Unnamed: 0,jumpBallWonPlayerName,jumpBallWonPersonId,jumpBallLostPlayerName,jumpBallLostPersonId
12300001,Gobert,203497,Lively II,1641726
12300002,Lively II,1641726,Gobert,203497
12300003,Davis,203076,Looney,1626172
12300004,Vucevic,202696,Lopez,201572
12300005,Metu,1629002,Bagley III,1628963
...,...,...,...,...
22300260,Nurkic,203994,Poeltl,1627751
22300261,Jackson Jr.,1628991,Yurtseven,1630209
22300262,Valanciunas,202685,Morris Sr.,202694
22300263,Sengun,1630578,Jokic,203999


Now, we have the complete dataset for the opening jumpballs of this season, so we have to start getting some data from it.

In [209]:
jb_personid = list(set(jb["jumpBallWonPersonId"]))
fill = list(set(jb["jumpBallLostPersonId"]))
for n in fill:
    if n not in jb_personid:
        jb_personid.append(n)

In [219]:
jb_analytics = pd.DataFrame(index=[jb_personid],columns=["Name","Won","Total","Avg"])


In [220]:
jb_analytics = jb_analytics.fillna(0)

In [221]:
for gameID in game_ids:
    winner_id = jb.loc[gameID]["jumpBallWonPersonId"]
    loser_id = jb.loc[gameID]["jumpBallLostPersonId"]
    jb_analytics.loc[winner_id,"Name"] = jb.loc[gameID,"jumpBallWonPlayerName"]
    jb_analytics.loc[loser_id,"Name"] = jb.loc[gameID,"jumpBallLostPlayerName"]
    jb_analytics.loc[winner_id,"Won"] += 1
    jb_analytics.loc[winner_id,"Total"] += 1
    jb_analytics.loc[winner_id,"Avg"] = jb_analytics.loc[winner_id,"Won"]/jb_analytics.loc[winner_id,"Total"]
    jb_analytics.loc[loser_id,"Total"] += 1
    jb_analytics.loc[loser_id,"Avg"] = jb_analytics.loc[loser_id,"Won"]/jb_analytics.loc[loser_id,"Total"]
    

In [222]:
jb_analytics.loc[winner_id,"Won"].values[0]

6

In [223]:
jb_analytics

Unnamed: 0,Name,Won,Total,Avg
1631105,Duren,10,12,0.833333
1628418,Bryant,1,4,0.250000
1630209,Yurtseven,1,3,0.333333
1630596,Mobley,3,7,0.428571
1631109,Williams,12,20,0.600000
...,...,...,...,...
203488,Muscala,0,1,0.000000
1630567,Barnes,0,1,0.000000
201577,Lopez,0,1,0.000000
1630191,Stewart,0,2,0.000000


Here we have the dataframe with the avg of jumpballs won of each player who has jumped at least once.

In [238]:
name = "Gobert"
jb_analytics[jb_analytics["Name"].str.contains(name)]

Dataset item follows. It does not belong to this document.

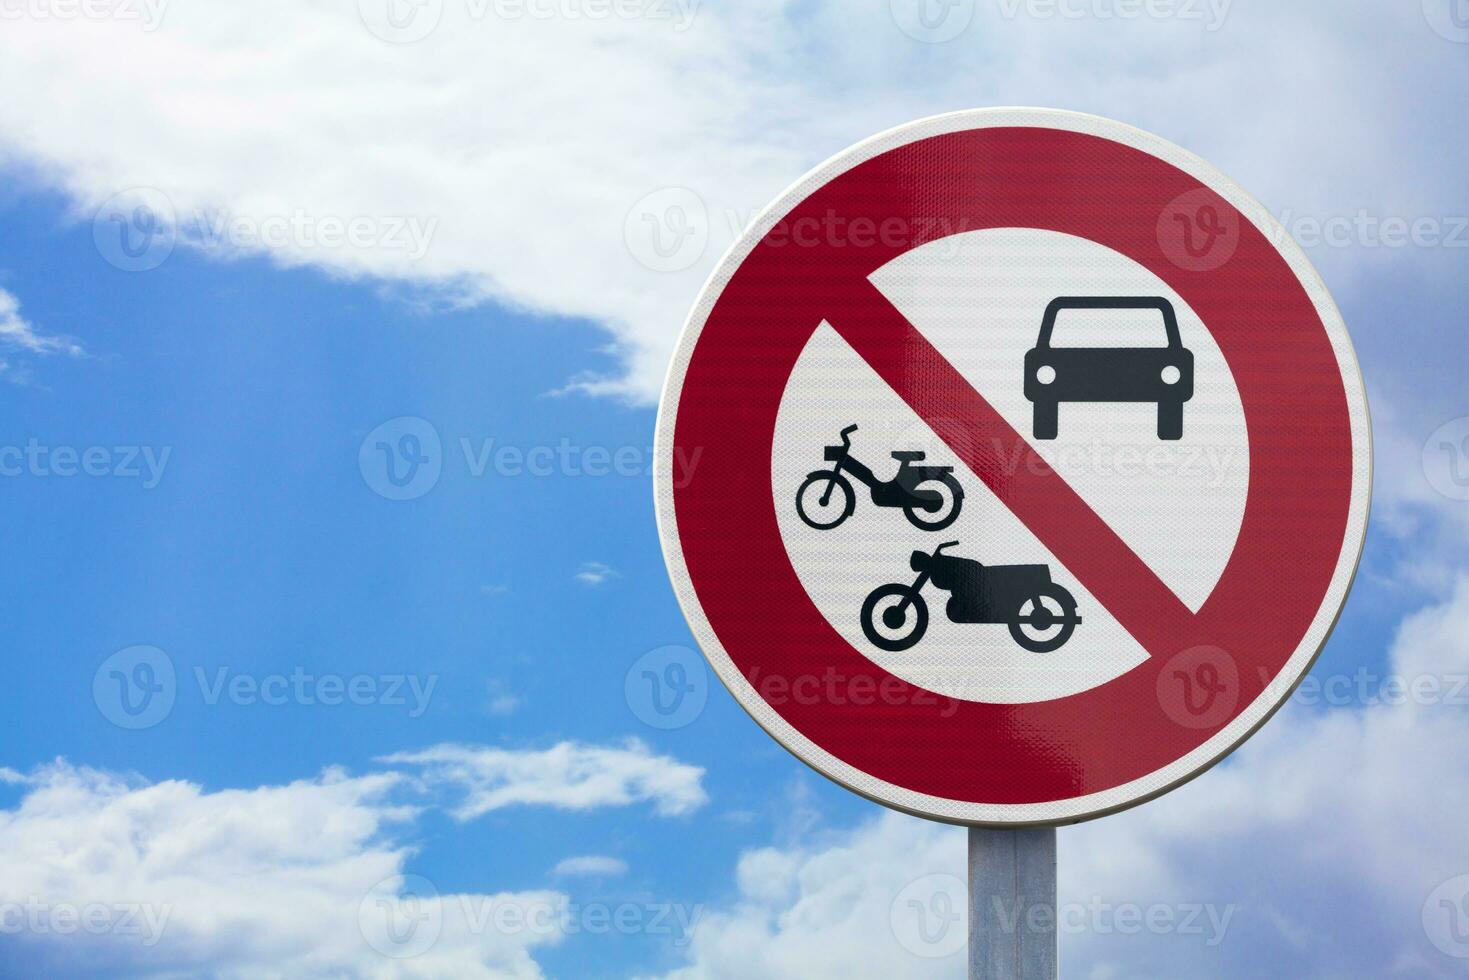 No entry sign for cars and motorcycles photo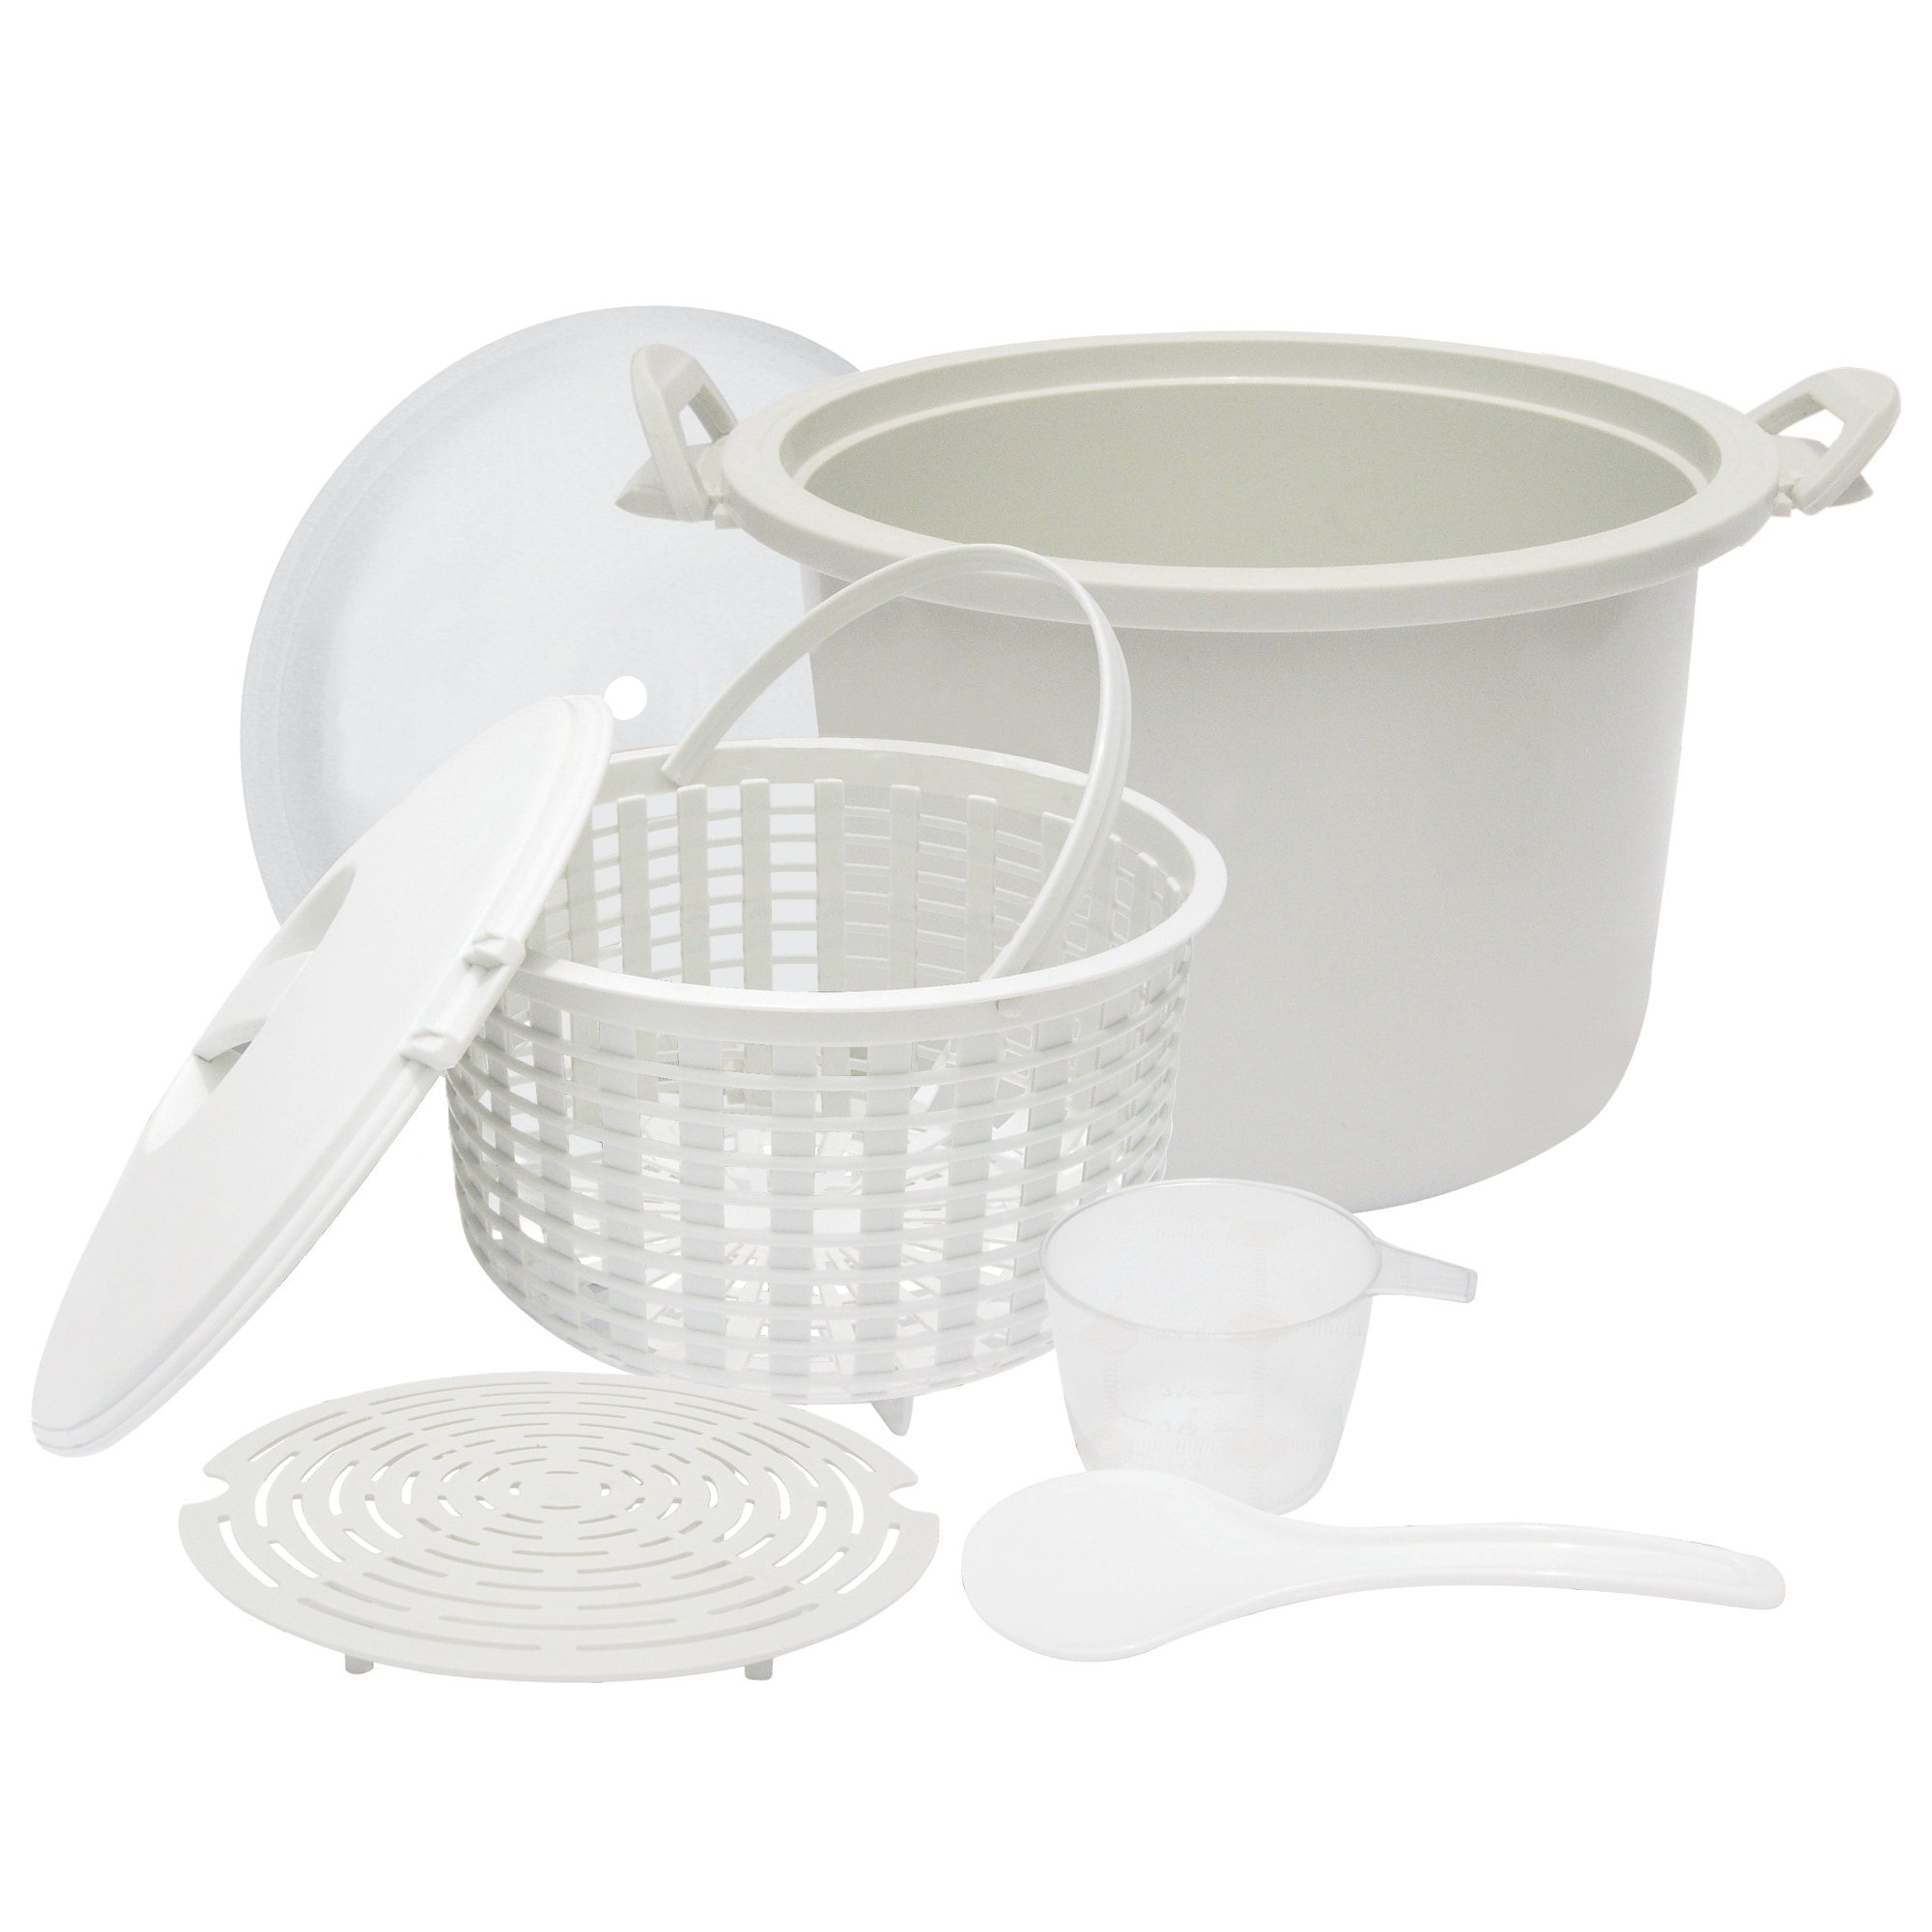 Bene Casa microwave steamer, automatic draining steamer, microwave pasta  cooker, - On Sale - Bed Bath & Beyond - 33030936

Unnamed: 0,Name,Won,Total,Avg
203497,Gobert,11,21,0.52381


In [243]:
name = "Markkanen"
jb_analytics[jb_analytics["Name"].str.contains(name)]

Unnamed: 0,Name,Won,Total,Avg
1628374,Markkanen,0,7,0.0


I am going to leave this project like this, but it would be interesting to follow it with who is more likely to score the first basket. The following steps of this project would be:
- Get the play by play of every game and get how many tries need each team to score the first basket.
- Then, get which player is the most likely to do so.
- Get a metric of these three values (jumpball, first team to score, player most likely to score).